START Data

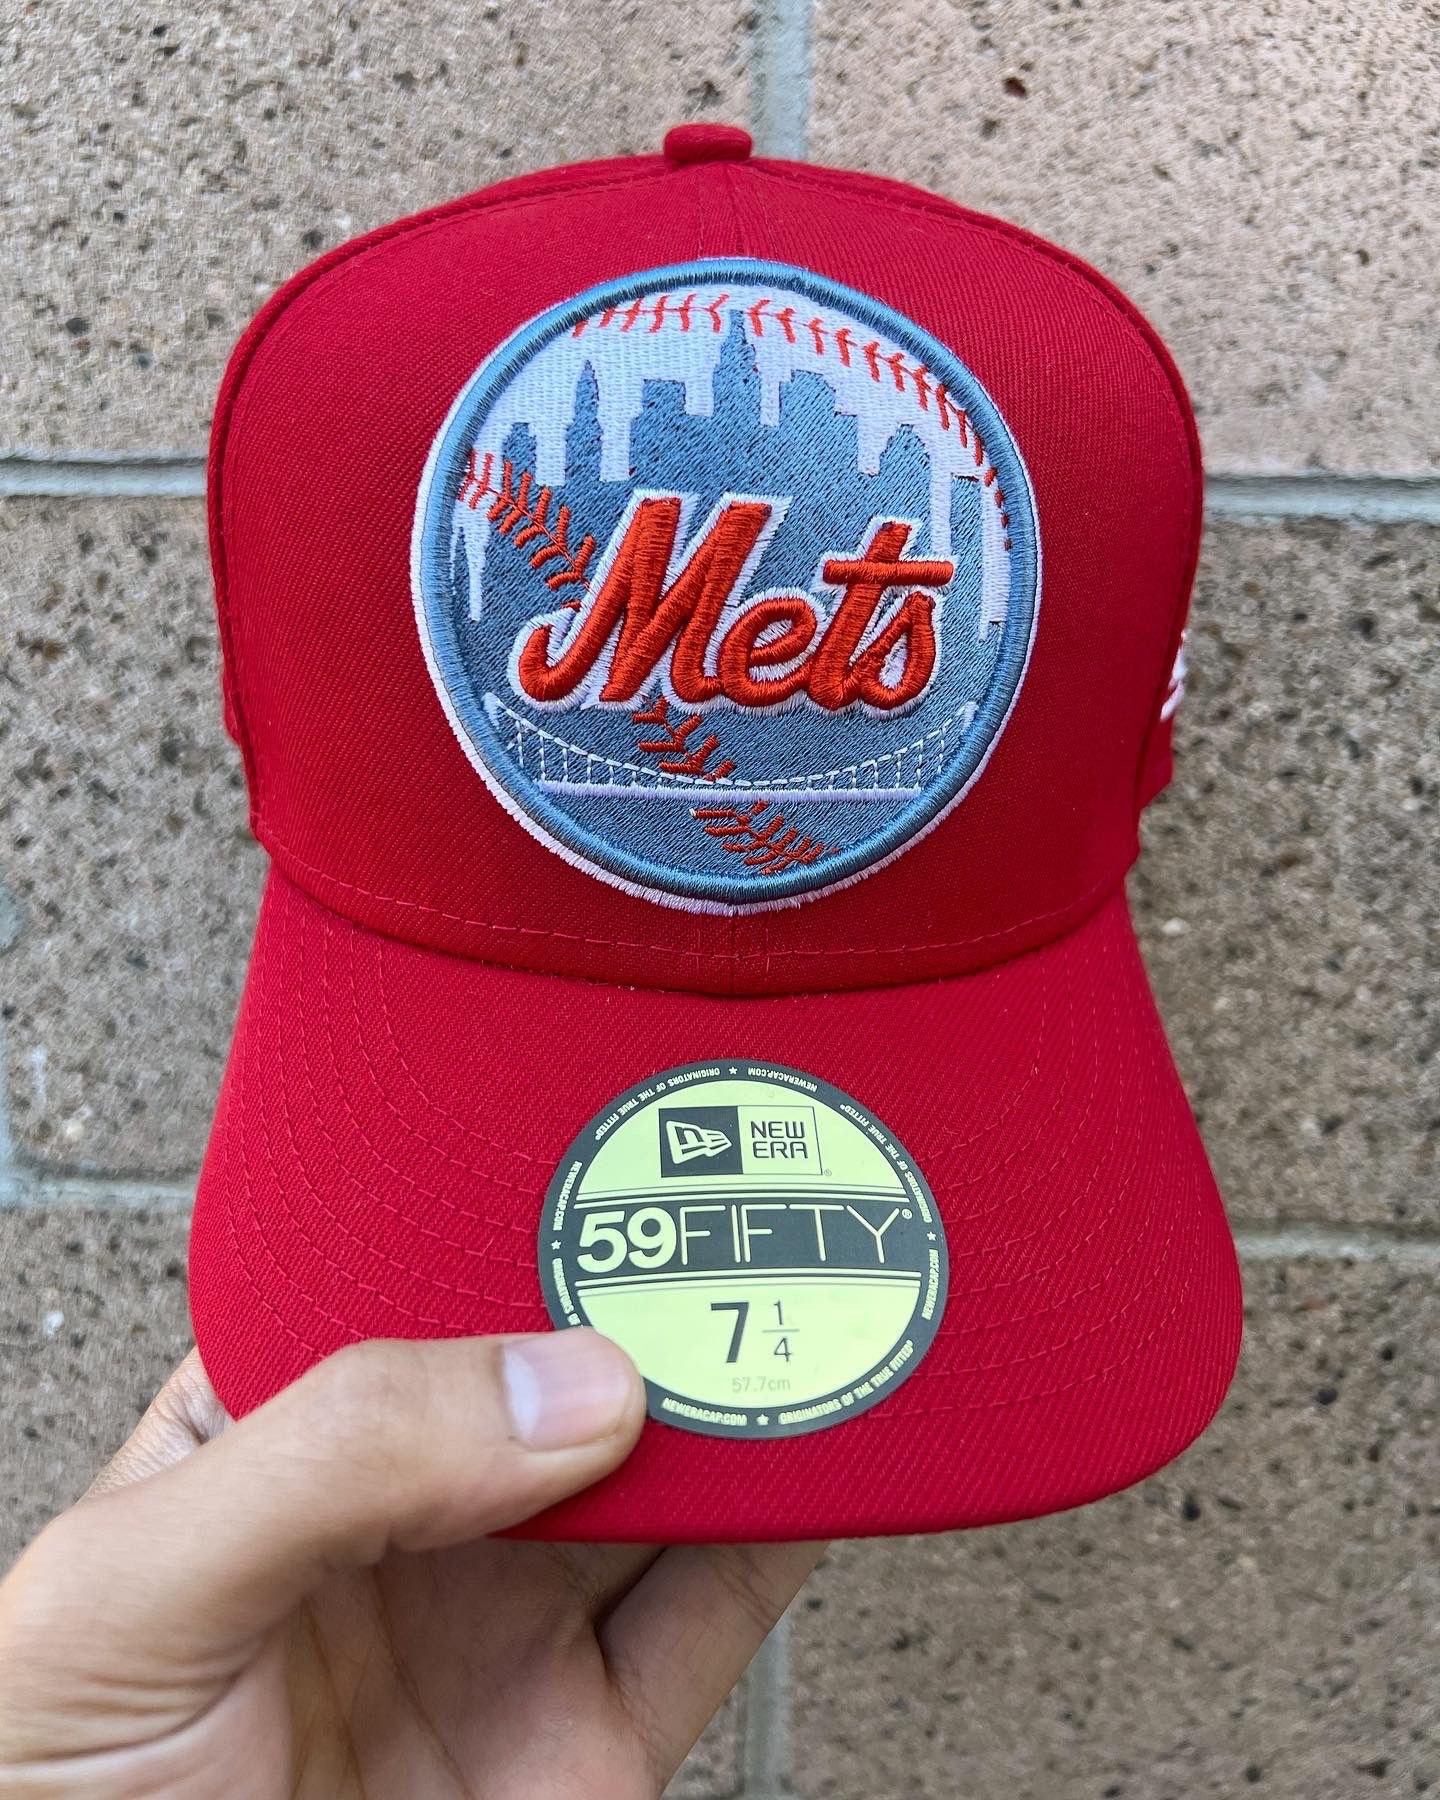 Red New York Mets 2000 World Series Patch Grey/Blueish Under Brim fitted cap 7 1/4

END Data
START Data

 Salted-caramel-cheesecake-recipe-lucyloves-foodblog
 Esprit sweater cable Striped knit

END Data

### Task description
Extract the lines of the preceding material that run from the line with "Salted-caramel-cheesecake-recipe-lucyloves-foodblog" through the line with "Esprit sweater cable Striped knit", inclusive, reproducing them exactly and adding nothing.

### Result
 Salted-caramel-cheesecake-recipe-lucyloves-foodblog
 Esprit sweater cable Striped knit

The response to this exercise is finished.